Prominent in the musical soundtrack is "La Violetera", a composition by José Padilla which had been featured previously in Charlie Chaplin's City Lights.

==Reception==
The film received mostly negative reviews, though some critics cited Streisand's performance as one of her best. On review aggregator Rotten Tomatoes, 33% of 9 reviews are positive, and the average rating is 5.4/10.

Stephen Holden, in Rolling Stone magazine, gave the film a positive review, adding that Streisand's performance suggested Marilyn Monroe.
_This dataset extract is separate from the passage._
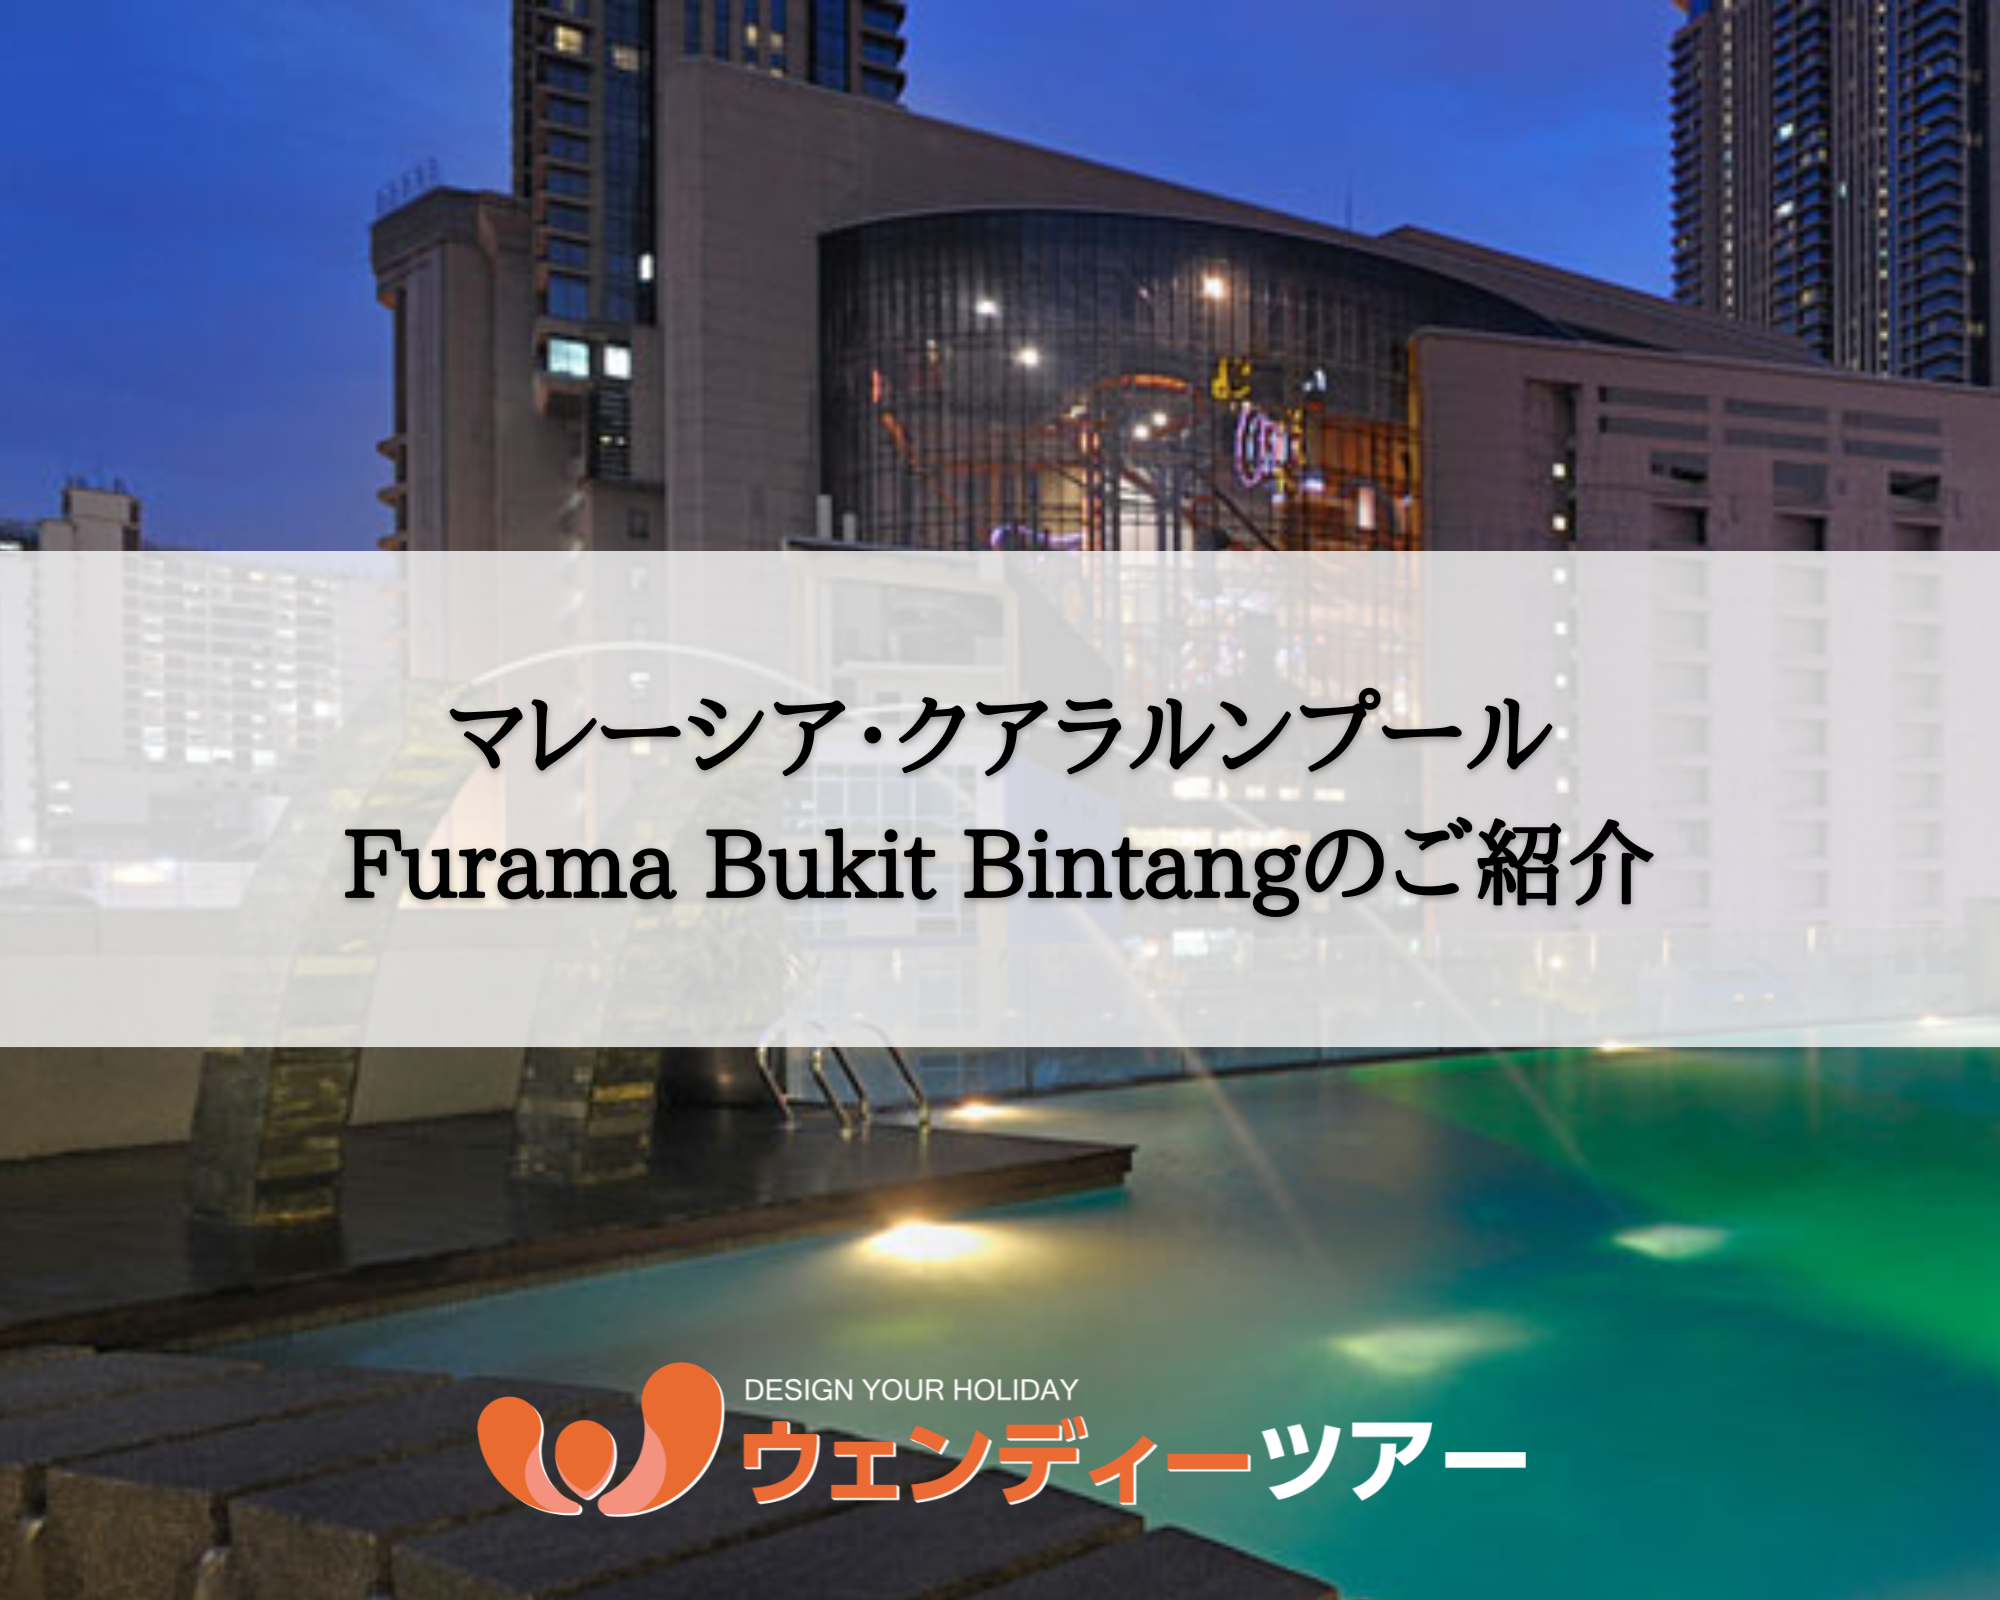 【マレーシア・クアラルンプール】Furama Bukit Bintang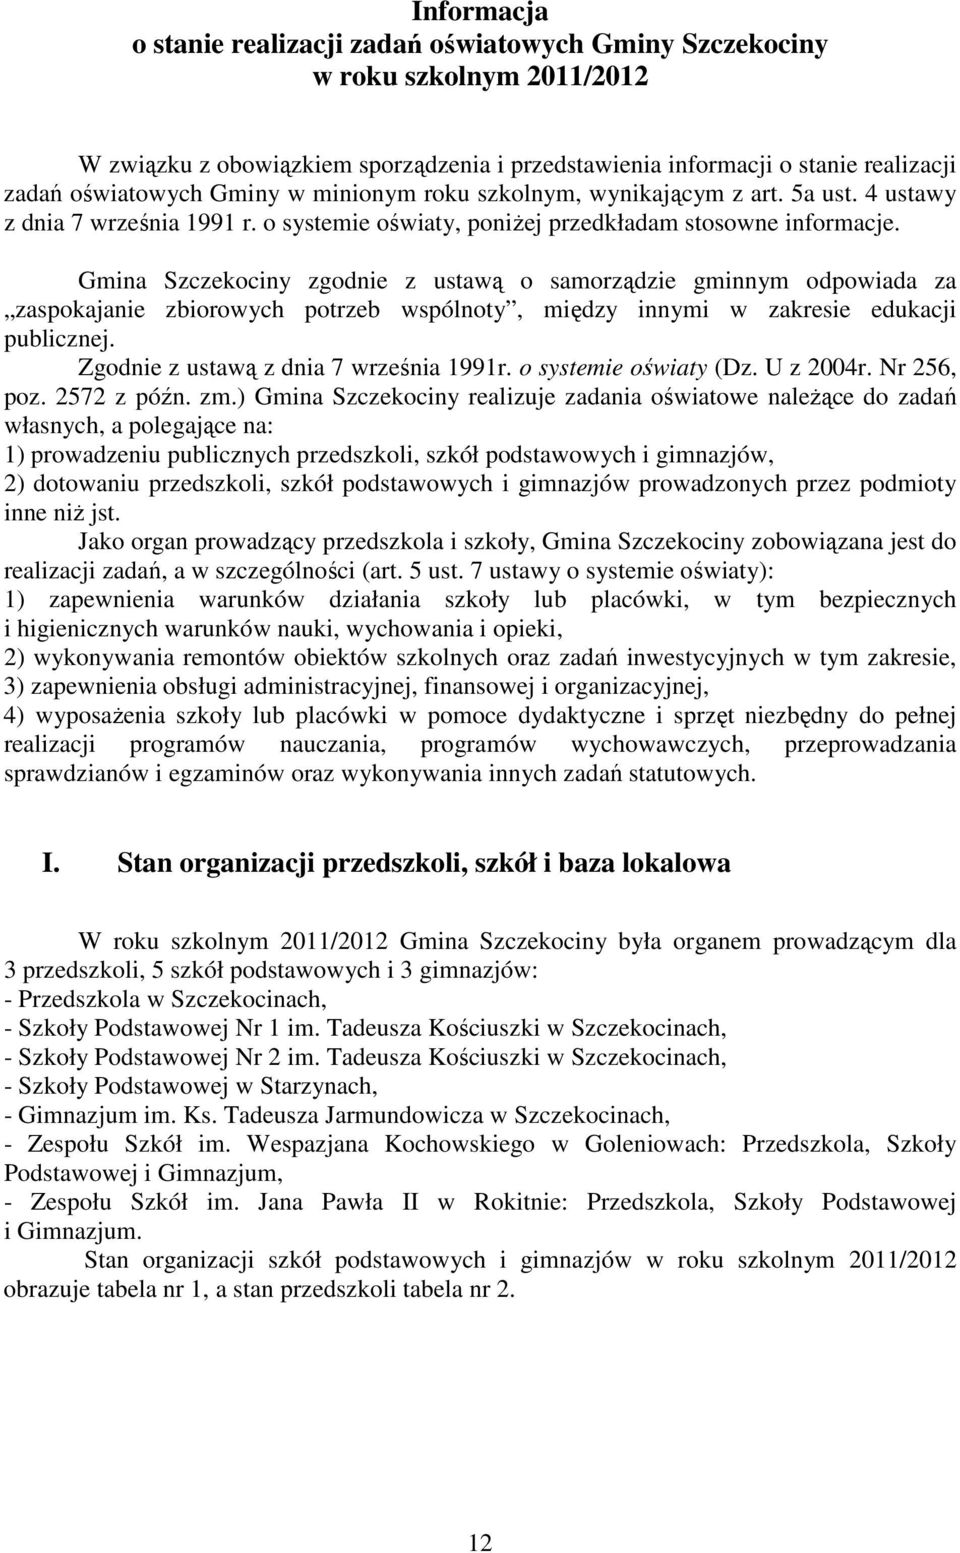 Gmina Szczekociny zgodnie z ustawą o samorządzie gminnym odpowiada za zaspokajanie zbiorowych potrzeb wspólnoty, między innymi w zakresie edukacji publicznej. Zgodnie z ustawą z dnia 7 września 1991r.

Pauline Kael in The New Yorker was full of praise: "The director, Jean-Claude Tramont, a Belgian who has worked in American television, is a sophisticated jokester. There may be a suggestion of Lubitsch and of Max Ophüls in his approach, and there is more than a suggestion of Jacques Tati. Gene Hackman, whose specialty has been believable, lived-in characters, gives one of his most likable performances." Gary Arnold of The Washington Post also praised Hackman's performance, calling it "the most endearing of his career, an impression of frustrated but resilient middle-class masculinity that should evoke as much recognition and rooting interest among men as women seemed to derive from Ellen Burstyn's role in Alice Doesn't Live Here Anymore."

==Awards==
Streisand was nominated for a Golden Raspberry Award for Worst Actress for her performance at the 2nd Golden Raspberry Awards. Gene Hackman was nominated for a 2nd place National Society of Film Critics Award for Best Actor for his performance at the 1981 National Society of Film Critics Awards.

==Box office==
The movie was a flop. It opened at No. 1 on the American film charts with an opening weekend of $1,391,000. The Independent Movie Data Base website lists the film's total U.S. gross as less than $4.5 million. William Goldman shared in Adventures in the Screen Trade that the original $3 million budget ballooned to $15 million, in part because of the addition of Streisand. With prints and advertising costs, Goldman reports the studio Universal Pictures lost at least $20 million on the film.